My earlier article “Obama the Pitchfork Operator: A Remake of the Soviet Classic” pointed out the similarities between Obama’s and Stalin’s methods of governing by pitting unions against businesses. Many readers have emailed me asking to write more and compare the roles of the unions under socialism (as it existed in the USSR) and capitalism (as it exists in the USA). This essay is an expanded response to their questions.
The “card-check” debates in the U.S. Congress reminded me of my own experiences with trade unions in the USSR, where organized labor was part of the official establishment and union membership was universal and mandatory. It also reminded me of how that system’s seemingly magnanimous goals — fairness, economic equality, and social justice — in real life brought forth a rigged game of wholesale corruption, forced inequality, and grotesque injustice.
Years later, the same Orwellian misnomers are catching up with me in America. One of them is called the “Employee Free Choice Act” — a piece of legislation that deprives workers of free choice by replacing private balloting with publicly signed cards in the presence of pushy union organizers. Bad as it is, card check is only a means to a larger end. Proponents of “redistributive justice” would love nothing more than to use a forced expansion of labor unions as a vehicle to deliver America straight into a utopian swamp, where they will gain extraordinary powers while the rest of the nation will be doomed to repeat the Soviet scenario of slow death from social, economic, and moral decay.
Defeating the card-check bill alone will not affect the ideology that has spawned it, just as curing a symptom of a disease will not remove the infection. It is the ideology that we must address and learn to recognize in its various manifestations.
No matter where I worked in the USSR, I was always a union member without so much as a formal notice — starting with the student union in college and then on to whatever union was assigned to the state-run enterprise that hired me, regardless of the job description. The only indicators of this one-sided relationship were monthly union dues, automatically deducted from my measly wages. It was like paying alimony for a fling I never had. To be fair, in the early 80s, I did go on a union-subsidized one-week tour of Uzbekistan — mostly because a friend knew someone at the union office who owed him a favor. But that was it.
Every time I visited a union office in the USSR, I saw the same prominently displayed poster: “Trade unions are a school of communism — V.I. Lenin.”
At the time it seemed like a sweeping exaggeration, similar to other Lenin gems like “communism is Soviet power plus the electrification of the entire country,” which any student of arithmetic could reformulate as “Soviet power is communism minus the electrification.” But recent events in American politics have made me wonder whether the union movement might actually be all that Lenin’s quote implies and more — a school, a workshop, and a gateway to communism.
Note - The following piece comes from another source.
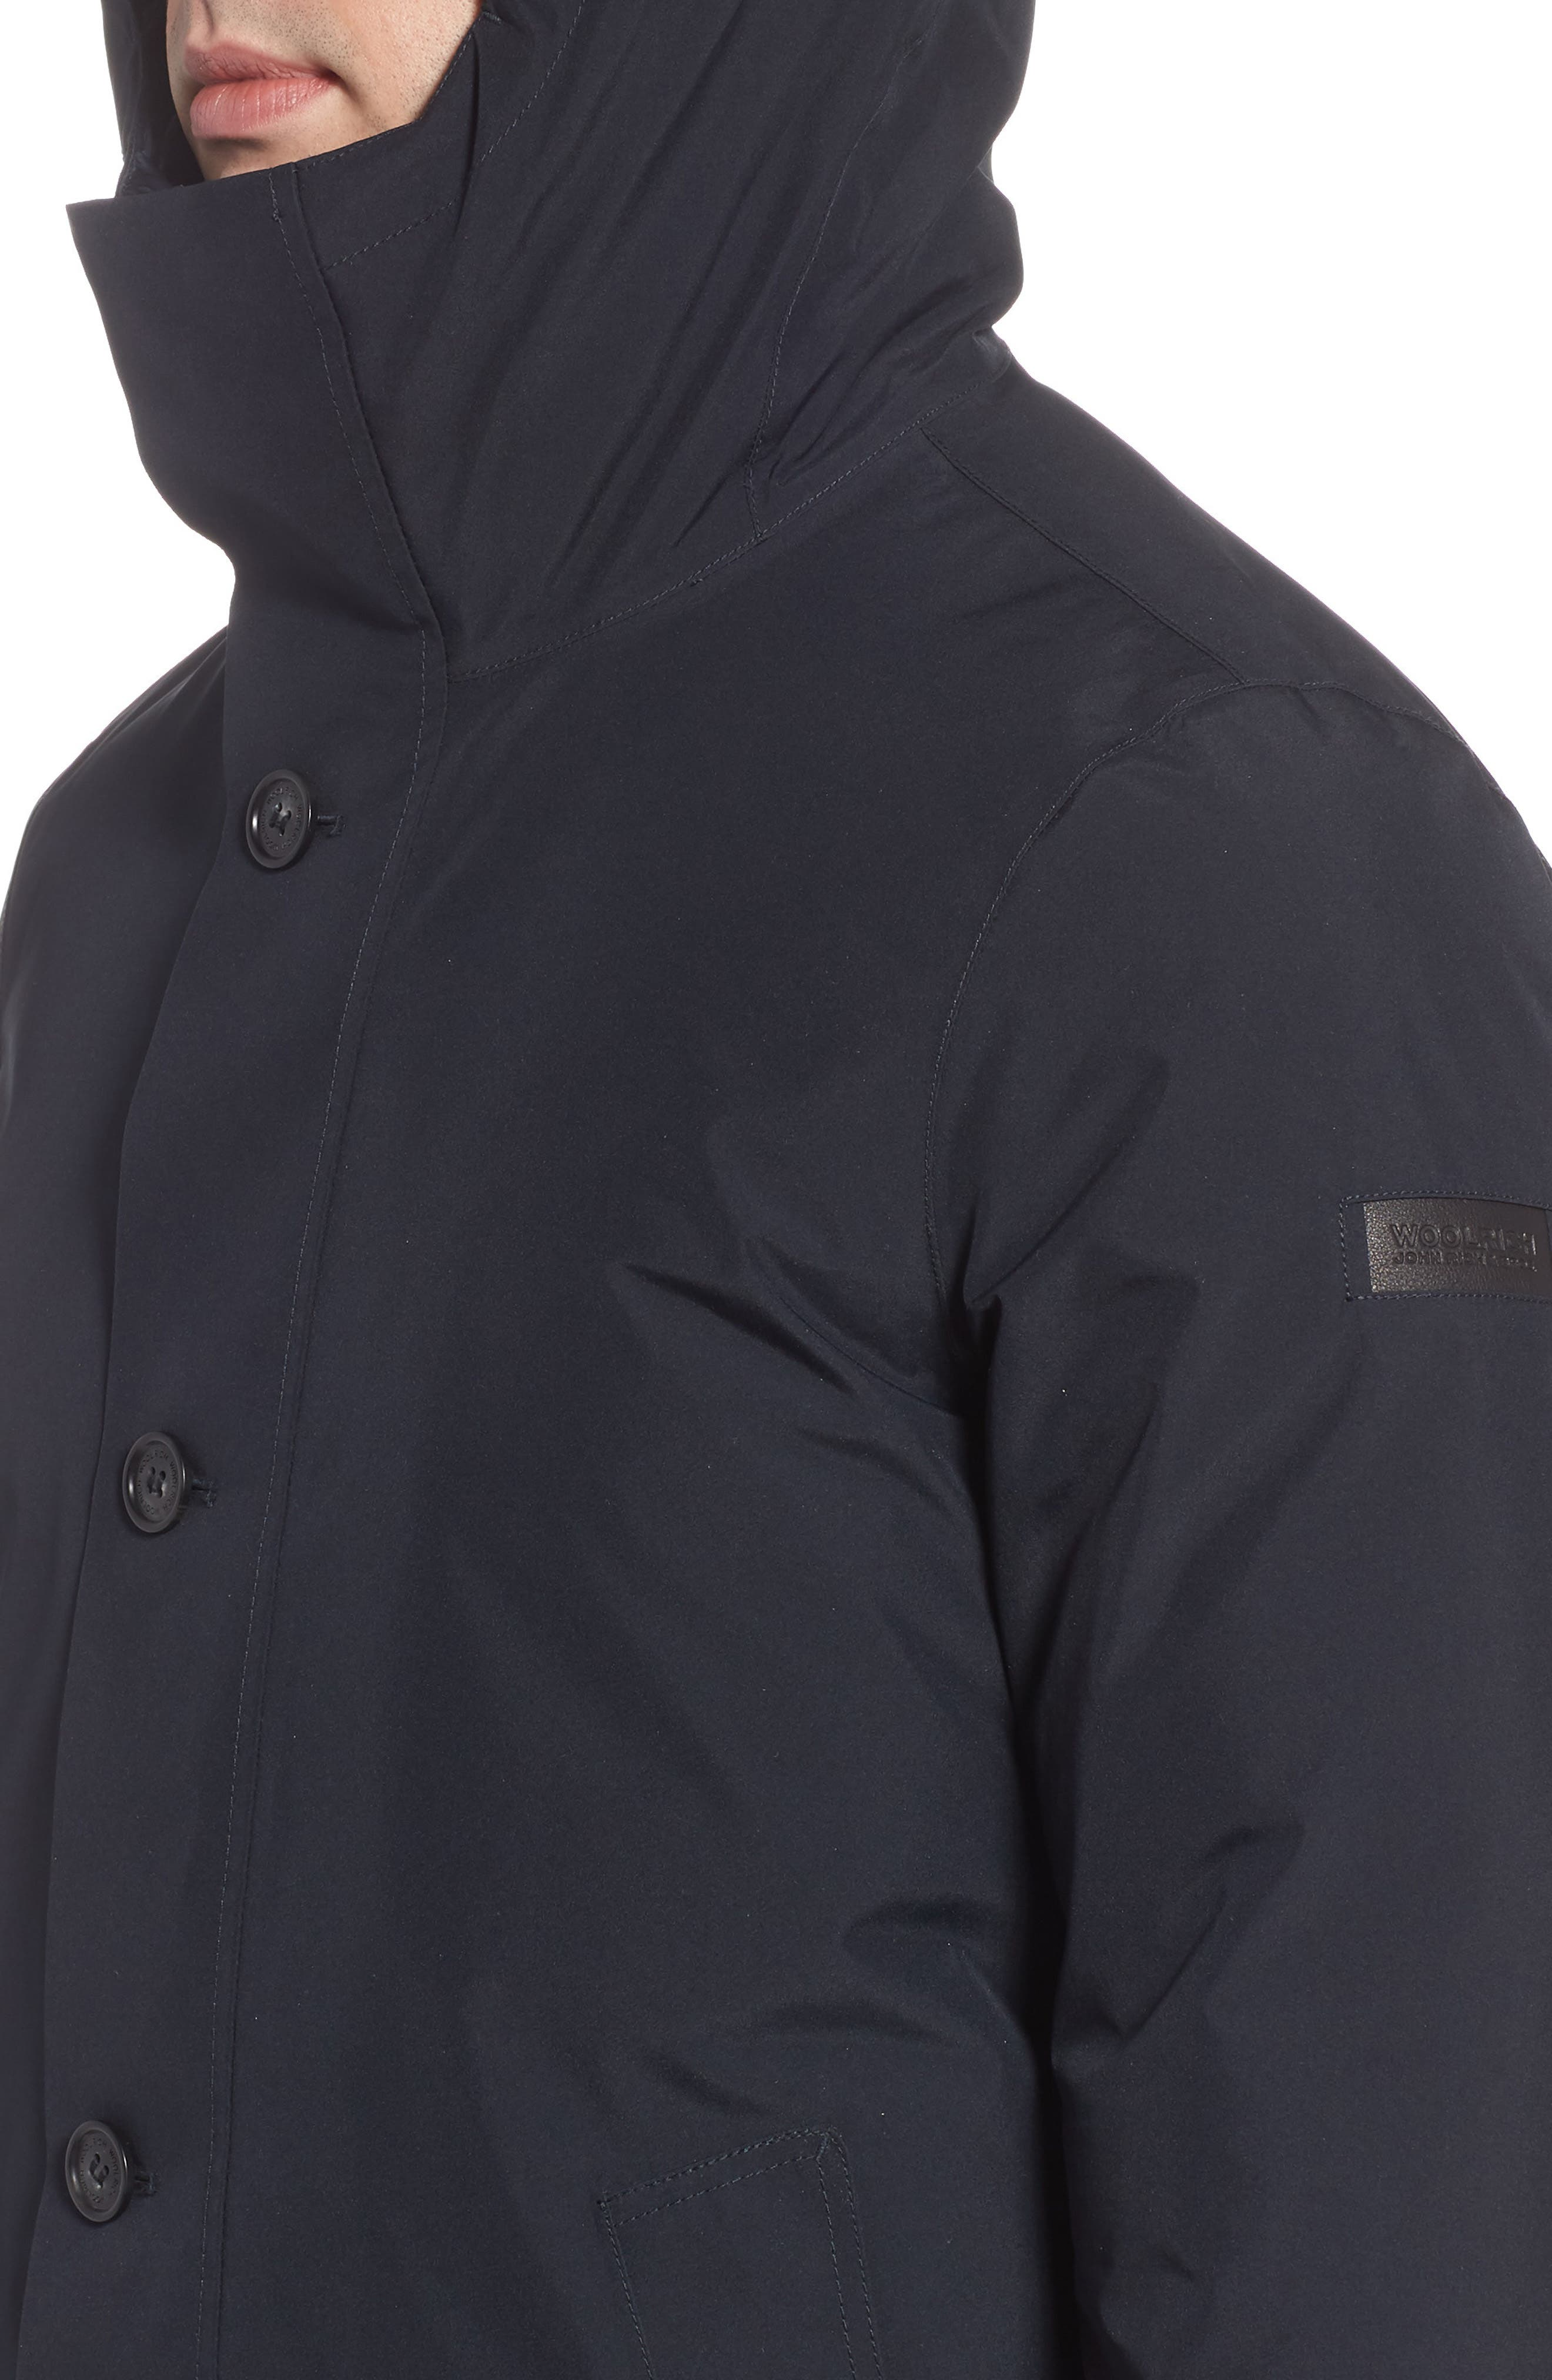 WOOLRICH,                             Waterproof Gore-Tex<sup>®</sup> Alpine Jacket,                             Alternate thumbnail 4, color,                             414

Ideologically, both unionists and communists share the slogan of “economic equality and justice” — two incompatible concepts, given that just rewards make people economically unequal, while forced economic equality leads to great injustice. The pursuit of these contradictory goals in real life results in a dreary outcome. Since absolute equality is unattainable for reasons we will discuss later, forcing it on a society only replaces natural inequality with forced inequality. In this sense, the difference between the two movements is in their radius: communists fancy a forced “economic equality and justice” for all, while the unions limit it to the select group composed of their members.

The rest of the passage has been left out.